The rules, which took effect on April 19, require borrowers to qualify for a five-year fixed-rate mortgage even if they choose a lower-rate variable mortgage. Previously, home buyers had only to qualify for the higher of either a three-year fixed-rate or variable-rate mortgage.

When refinancing, homeowners may now withdraw only 90 per cent of the value of the property, down from 95 per cent. And for purchase of homes that the owner is not going to occupy, the minimum down payment rose to 20 per cent from 5 per cent for insured mortgages, a move designed to rein in speculative buying.

But those measures fell short of what some bankers wanted, namely a significant reduction in the maximum allowable amortization period of new mortgages or a substantial broad increase in down payments.

Mr. Horgan, who has been Mr.
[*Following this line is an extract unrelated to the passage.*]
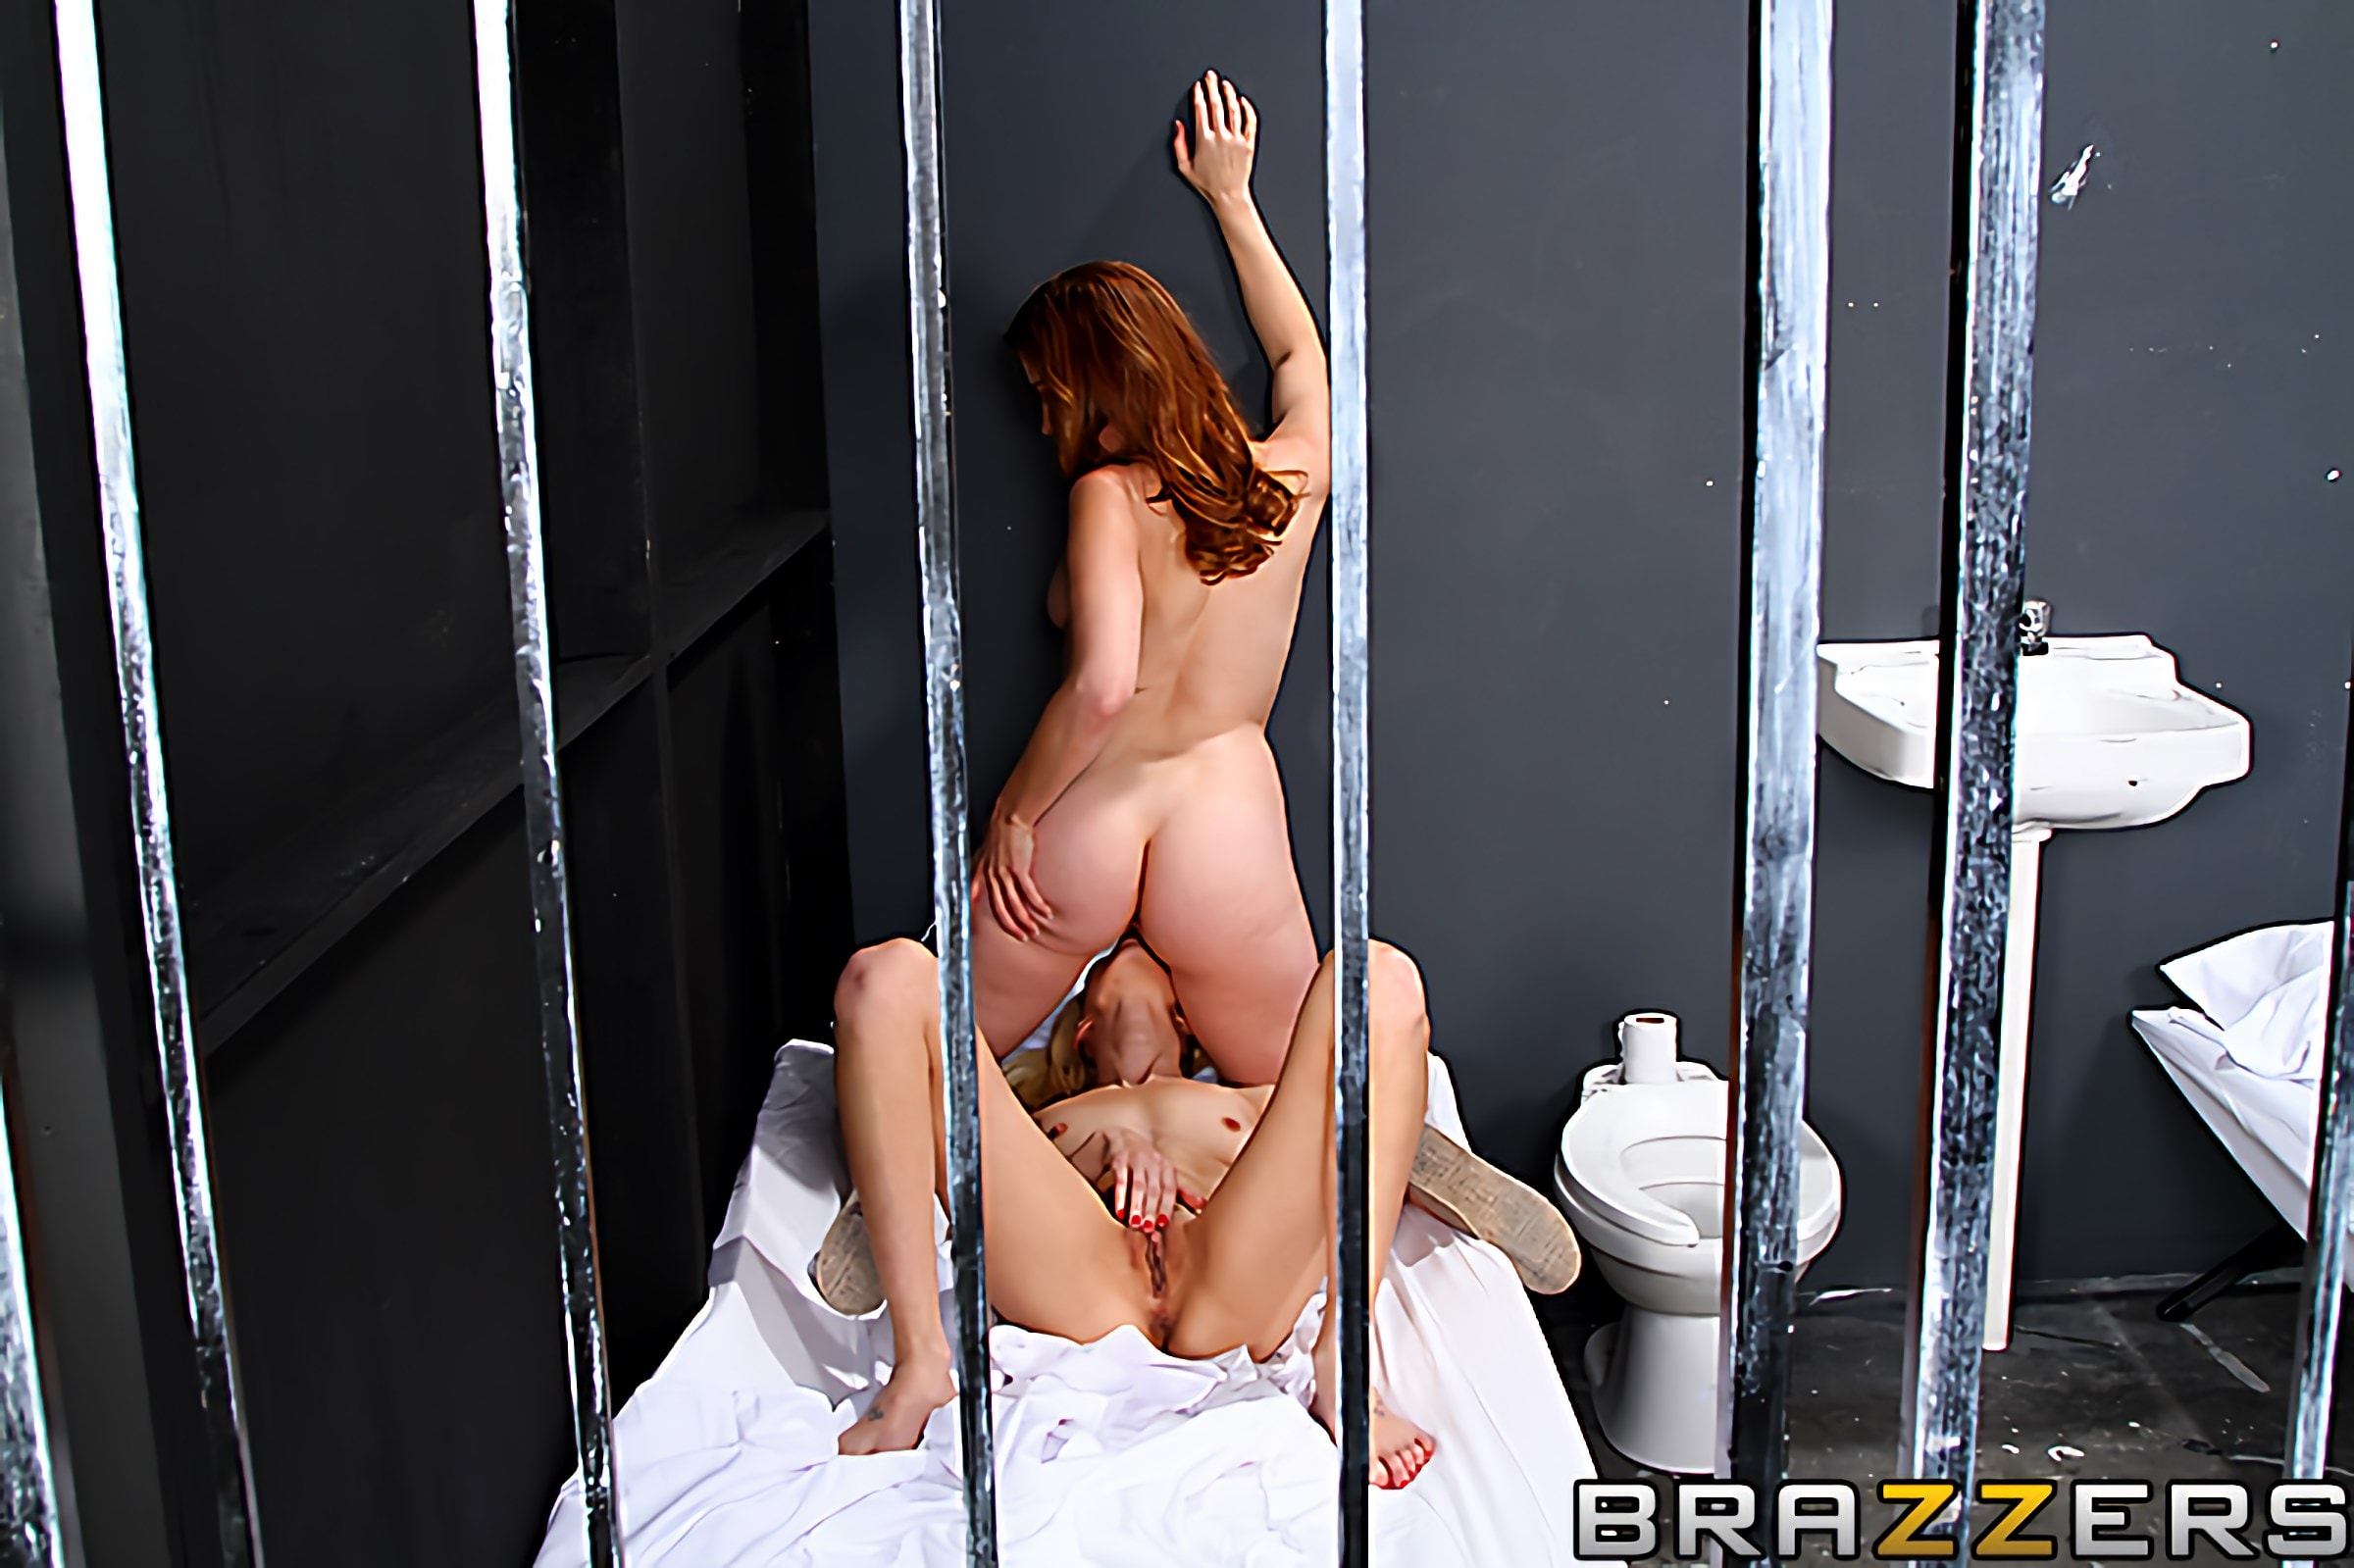 Brazzers 'Prison Pussy' starring Kiara Diane (Photo 4)

Flaherty's No. 2 since late 2009, is talking to lenders about whether more needs to be done.

"We constantly monitor the housing market and personal debt levels, as we all clearly don't want households overextended," said Annette Robertson, a spokeswoman for the Finance Minister. "That means talking to banks and ensuring they have appropriate and prudent lending practices. We have taken actions to ensure banks lend money responsibly and will again if needed."

The Bank of Canada has kept borrowing rates low for longer than many economists had expected, offering a steady stream of fuel to the housing market and consumer spending. But in the process, Canadian debt levels have risen to troubling heights.

And for most Canadians, this is the time of year credit card debt increases due to spending on Christmas gifts and holiday travel. The typical shopper plans to spend $624 on gifts this year, about $100 less than last year, an RBC survey found.

The average Canadian has a debt of $25,000, excluding mortgage loans, according to credit agency TransUnion.

Fairfax Financial CEO Prem Watsa is among the influential voices pointing to the impact of soaring debt on the broader economy. Not only are Canadians overleveraged, primarily with mortgage debt, low interest rates have prompted speculative buying that is artificially inflating housing prices, he said.

According to the latest statistics from the Bank of Canada, the banks were holding $497-billion in residential mortgage loans to consumers in September, up from $468-billion in January.

The central bank noted last week that the amount of both mortgages and credit card loans that were in arrears in the second quarter of 2010 was well above the level before the financial crisis.

PricewaterhouseCoopers LLP is releasing a survey on Monday of households with an annual income above $100,000 that found that 64 per cent of respondents plan to cut their debt load in the next 12 months, even though most said they think that they could responsibly take on more debt.

"Canadians, while they believe they've got continued good access to credit through their banking relationships, actually plan to lower their debt over the coming year," said John MacKinlay of PricewaterhouseCoopers. "In particular, they're considering deferring large-ticket items."

The risk is that if consumers act relatively quickly to reduce their debt load, that could cause fresh headaches in some parts of the economy, illustrating the conundrum that policy makers face as they balance the economic benefits of consumer spending with the risks.

For instance, the survey found that 64 per cent of people would be willing to delay buying a new car to pay down their debts, which could mean new pain for an already battered automotive sector.

When the financial crisis erupted, Ottawa put pressure on the banks to keep up the flow of credit to support the economy. The government put temporary emergency programs in place that made it easier for the banks to lend, especially in the form of mortgages.